Guilfoyle, who reportedly had lost his arm in a lion mishap, had difficulty impressing upon the youth the potential treachery of his feline charges. Manny King, the magazine contended, routinely hugged his lions - a feat veterans of the craft considered "suicide." King's early performances resembled professional circus acts, the magazine said. "Not quite four feet tall, he seems a midget beside the roaring lions, but they obey him," the publication reported. "When they grow balky, he cracks the whip over them." When whip, chair or blank-loaded pistol failed to control the cats, King relied on his trusty helpmate, Trixie the sheep dog, who would nip the lions on the nose. From his early semi-professional shows to a full-time circus job, King worked as a lion trainer for more than 30 years. "He always stipulated that he was a 'trainer,' not a 'lion tamer,' " Barnett said. "You never can tame wild animals."
At age 12, King joined lion trainer-film star Clyde Beatty and actress Elaine Shepard in the Republic Pictures serial cliffhanger, "Darkest Africa," much of which was filmed on the King family's Rio Grande Valley property. The film's convoluted plot, involving a lost sacred city, a captive princess and strange bat-like creatures, doesn't warrant expenditure of much ink. It was one in a series of jungle films that enthralled early movie fans.Fort Worth cultural historian Michael Price, author of the "Forgotten Horrors" cinema-history series, said the chubby child star proved remarkably agile on screen. "On the surface he didn't look all that athletic," Price said, "but once he springs into action, he's as good as Beatty." Although King appeared in only one film, Price opined that he could have "had a franchise" as easily as Johnny Sheffield, who starred as "Boy" in a series of Tarzan pictures beginning in 1939. In later decades, King worked in an out of the circus business.
Barnett, now in her early 30s, was only months old when the family appeared at the State Fair of Texas as proprietors of a sideshow featuring snakes, "giant Russian rats" and a mummy. The mummy, recalled King's close friend and co-worker, James Judkins, later was reincarnated as a "space alien" in a subsequent King-operated midway presentation. "It's hard to capsulize an individual who was so unique," Judkins said. "When a circus was trying to find elephants, he'd round them up and transport them. When they needed someone on the flying trapeze or a contortionist, he'd find the act, negotiate the deal and get the people there. He was a problem solver. He would think outside of the box. He'd always come up with another idea, another idea, another idea."

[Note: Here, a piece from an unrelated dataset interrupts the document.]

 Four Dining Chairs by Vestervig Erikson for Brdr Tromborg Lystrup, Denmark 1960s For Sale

King's show business career took him throughout the United States and Mexico. He settled in Houston in the late 1950s or early 1960s. King's engaging charm was on display when, 43 years ago last Friday, the circus man auditioned comely young women to work with elephants. In an unreleased film documentary of his life, King recalled asking a group of 10 candidates who would be interested in the position. All raised their hands. Then he inquired about how many would allow an elephant to carry them around the arena by the head. Only one raised her hand. The volunteer, a Mexican trapeze artist named Maria, got the job - and, nine months later, became King's third wife.

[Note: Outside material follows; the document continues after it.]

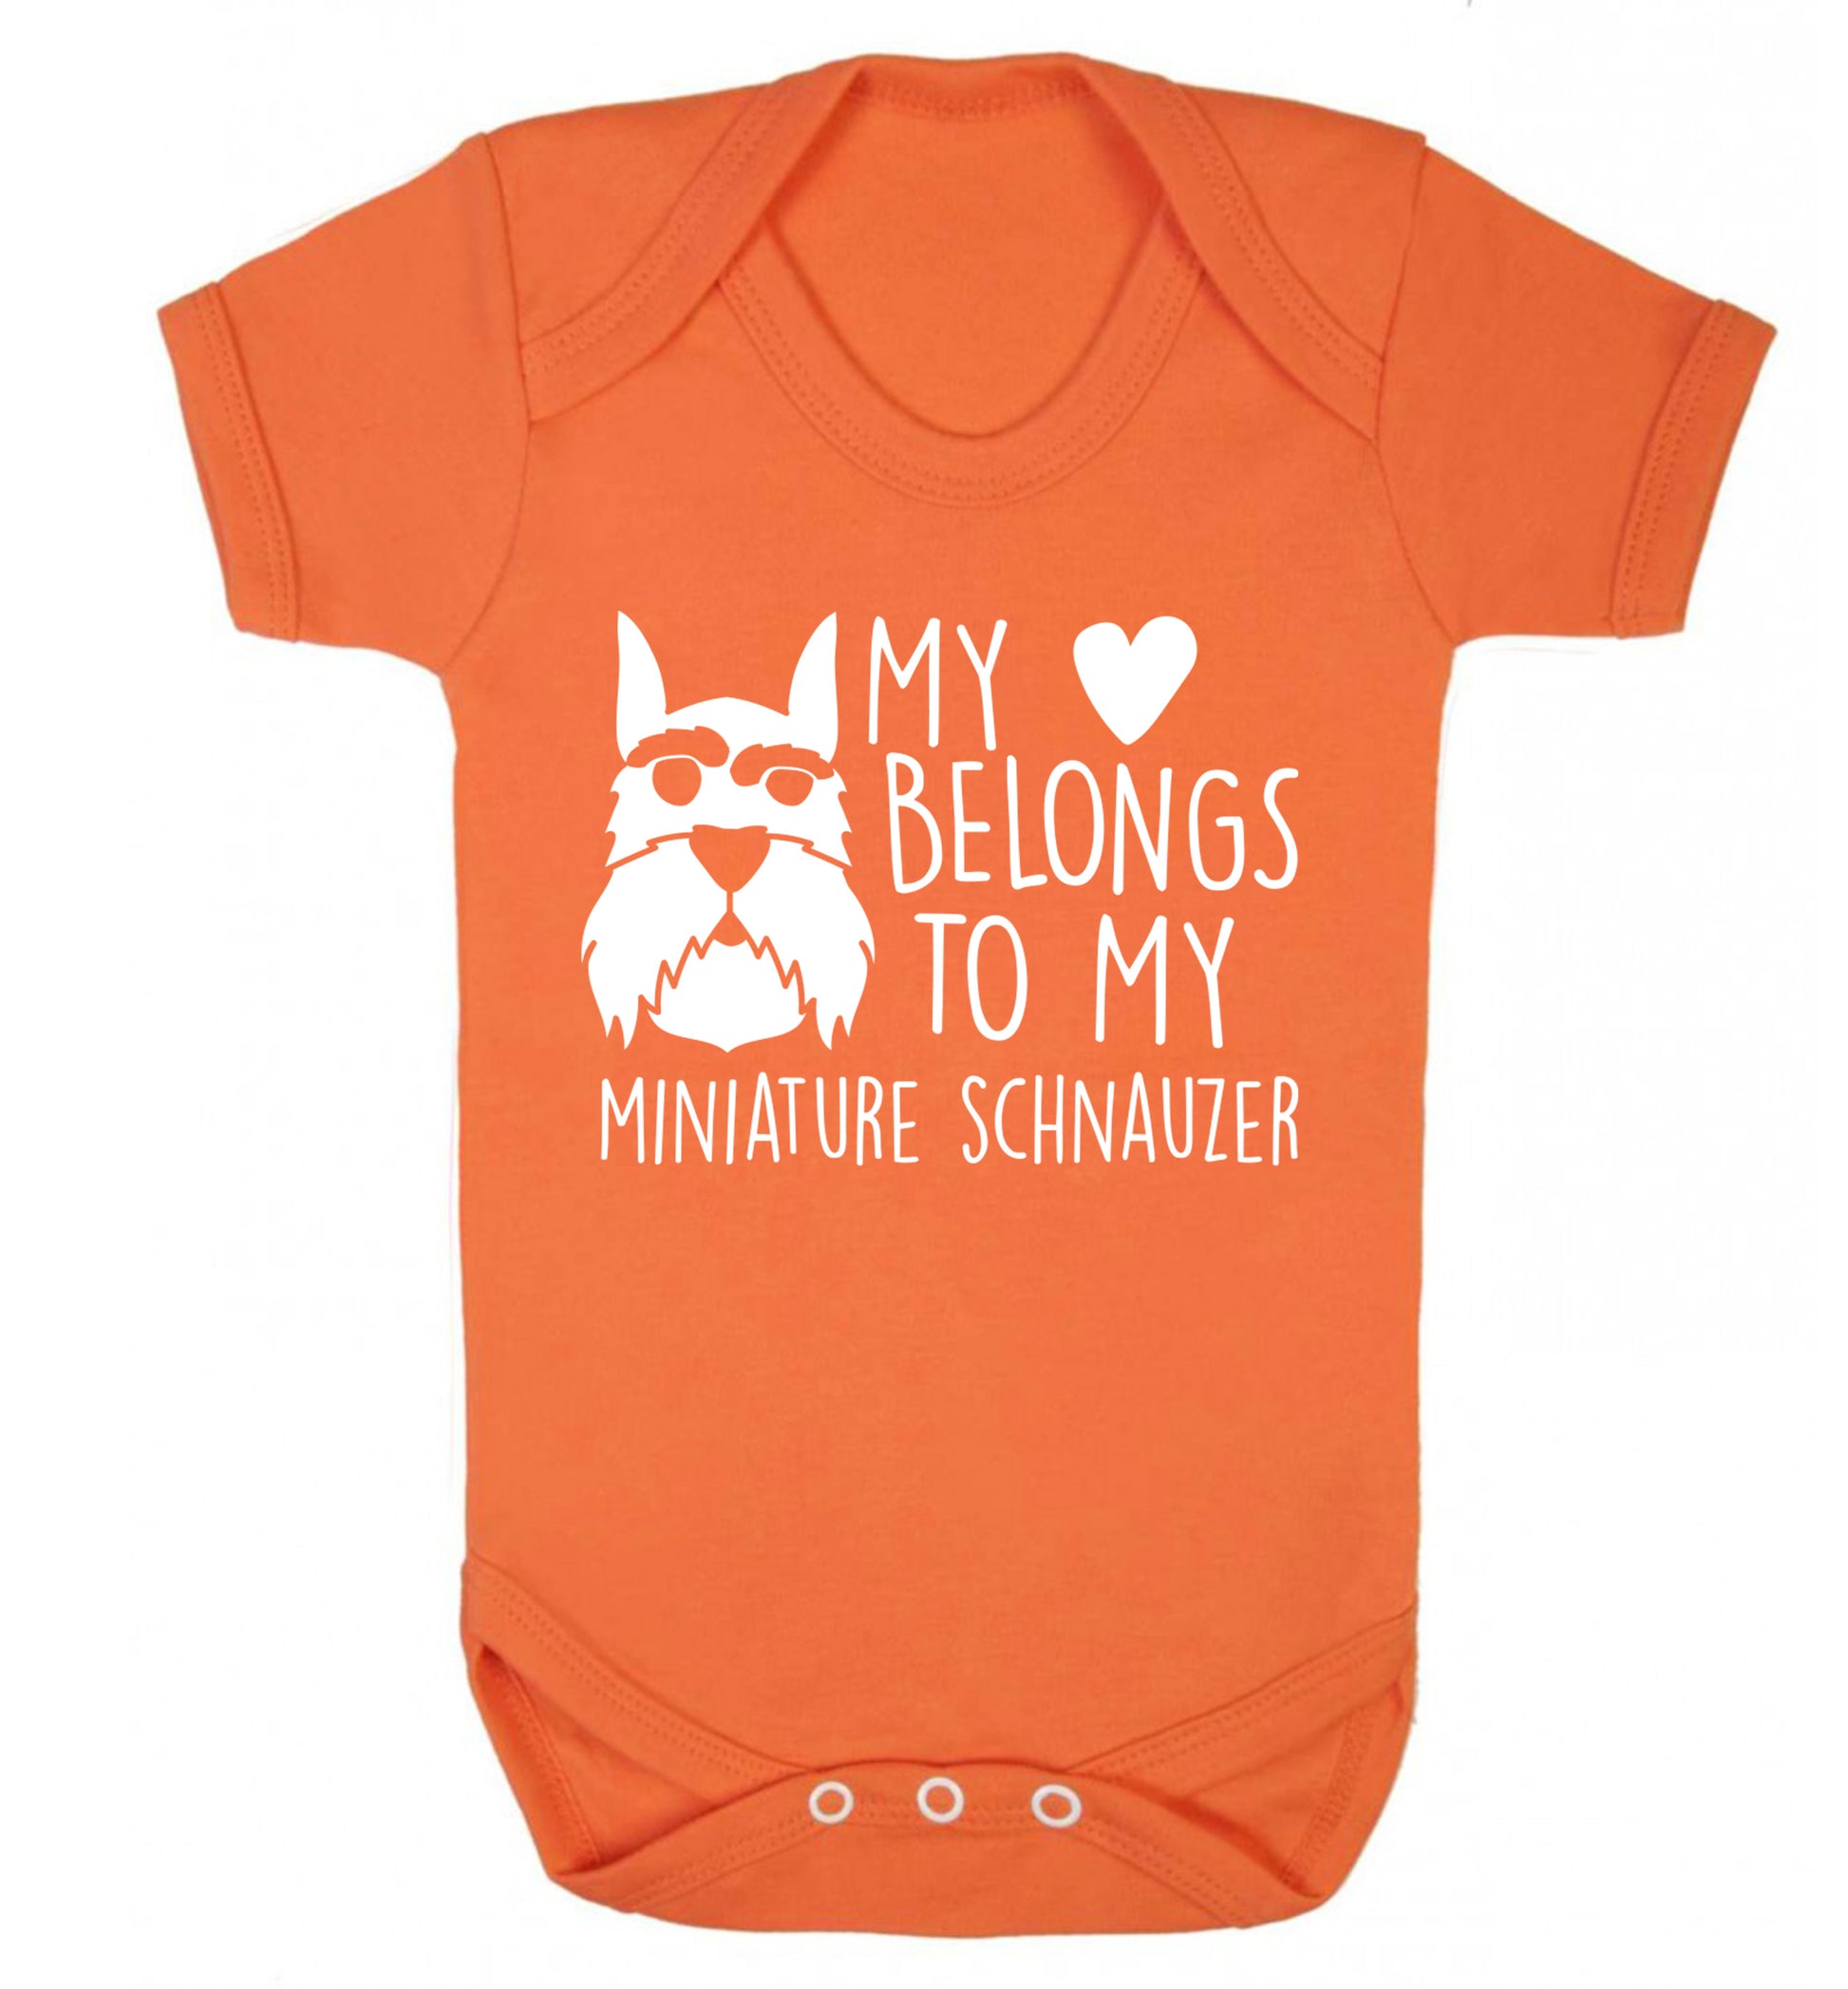 My heart belongs to my miniature schnauzer Baby Vest orange 18-24 months

Though mentally and physically active until his final illness, King in his last years stayed closer to home, devoting time to his grooming and boarding business.
Toward the end, King, a man whose residence often was home to snakes, monkeys, elephants and donkeys, centered his love for animals on an African gray parrot and an "outdoor" cat. Three weeks ago, Barnett said, the cat disappeared. She didn't have the heart to tell her father the bad news.